The South African writer, Damon Galgut, has been longlisted for the Booker Prize for his novel In a Strange Room. The book has received near universal acclaim in the media.
Writing in The Observer, William Skidelsky described Damon Galgut’s latest novel as “suberb” and compared it to Isaiah Berlin’s well-known description of the hedgehog, “which knows one big thing”, as opposed to the fox, “which knows many things”. For Skidelsky, “there’s a kind of ambition . . . in narrowing your focus” and In a Strange Room is about as “about as hedgehog-like as a work of fiction can be”.
Galgut’s novel-cum-travelogue consists of three short sections featuring a South African, also called Damon, drifting through three journeys during different stages of his life. It is “written in the third person, but with a twist. Every so often the narrative flits to the first person, before returning to the third.” Skidelsky enjoyed the device, which he felt successfully helped to poise the novel somewhere “between memoir and fiction”. He concluded that the novel is “a quite astonishing work”.
“Damon Galgut is a master of isolation and intensity,” said Philip Womack in The Telegraph, revelling in “an excellent piece of work that is as inviting as it is troubling”. Womack praised the “ordered prose, brimming with tension” and enjoyed the “beguiling spell” cast by the switches in narrative tone. “The narrator is both involved and distant. Damon meets people, watches them, watches himself watching them, attempts to cross the bridge that separates him from others, but always, heartbreakingly, is repelled. He is a good man in a baffling world, where connections are made and then cruelly broken, and where nothing is certain.”
John Harding in The Daily Mail was deeply struck by the protagonist: “an obsessive loner, restlessly on the move, journeying not to arrive but in a quest for himself. At turns depressing and exciting, for those who stay the course, it’s ultimately worth the trip,” he wrote.

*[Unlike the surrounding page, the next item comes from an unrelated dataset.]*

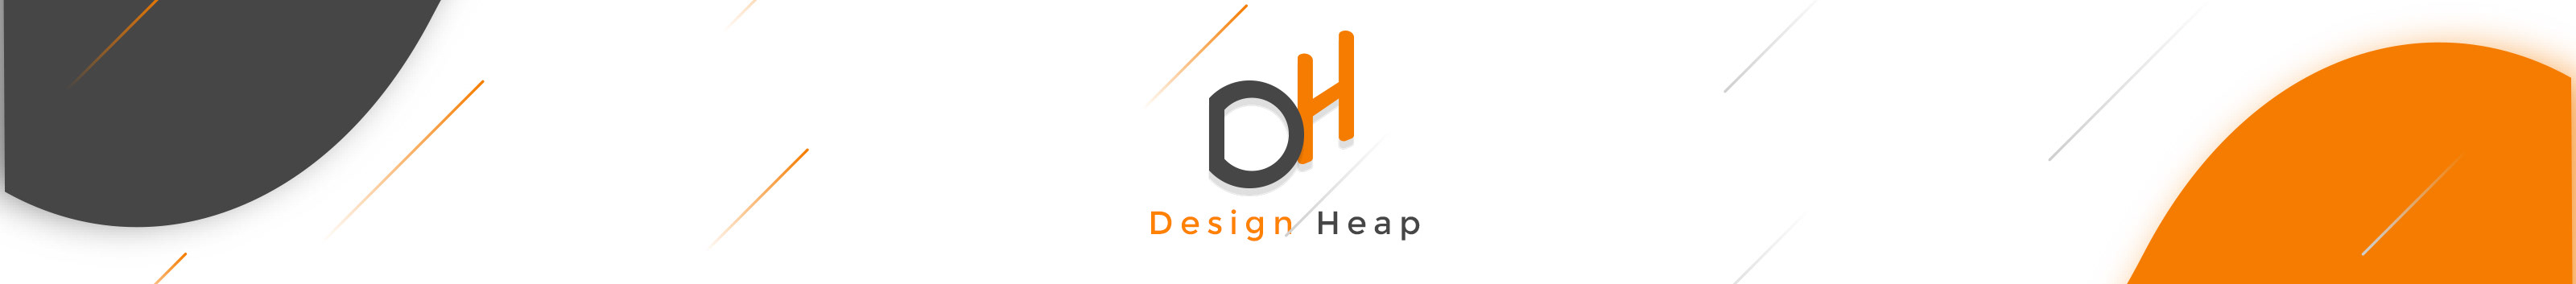 Design Heap profil başlığı

In The Scotsman, Allan Massie admired the “low-key and subtle” stories, and Galgut’s “acute understanding of how people relate, or fail to relate, to each other. Most of his characters are seeking to find more in life than they feel they have been offered.” Massie found the world portrayed “often cruel and corrupt”, but discerned “room, welcome room, for simple kindness”.
“Travel writing has such a wretched name these days that one is reluctant to associate any serious writer with it, but I have to say that Damon Galgut’s new novel contains some truly superlative examples of the genre,” said Jan Morris in The Guardian, rather confusing her genres. Although “there is a good deal of unhappiness in the book”, In A Strange Room left Morris with “a soothing sense of serenity.”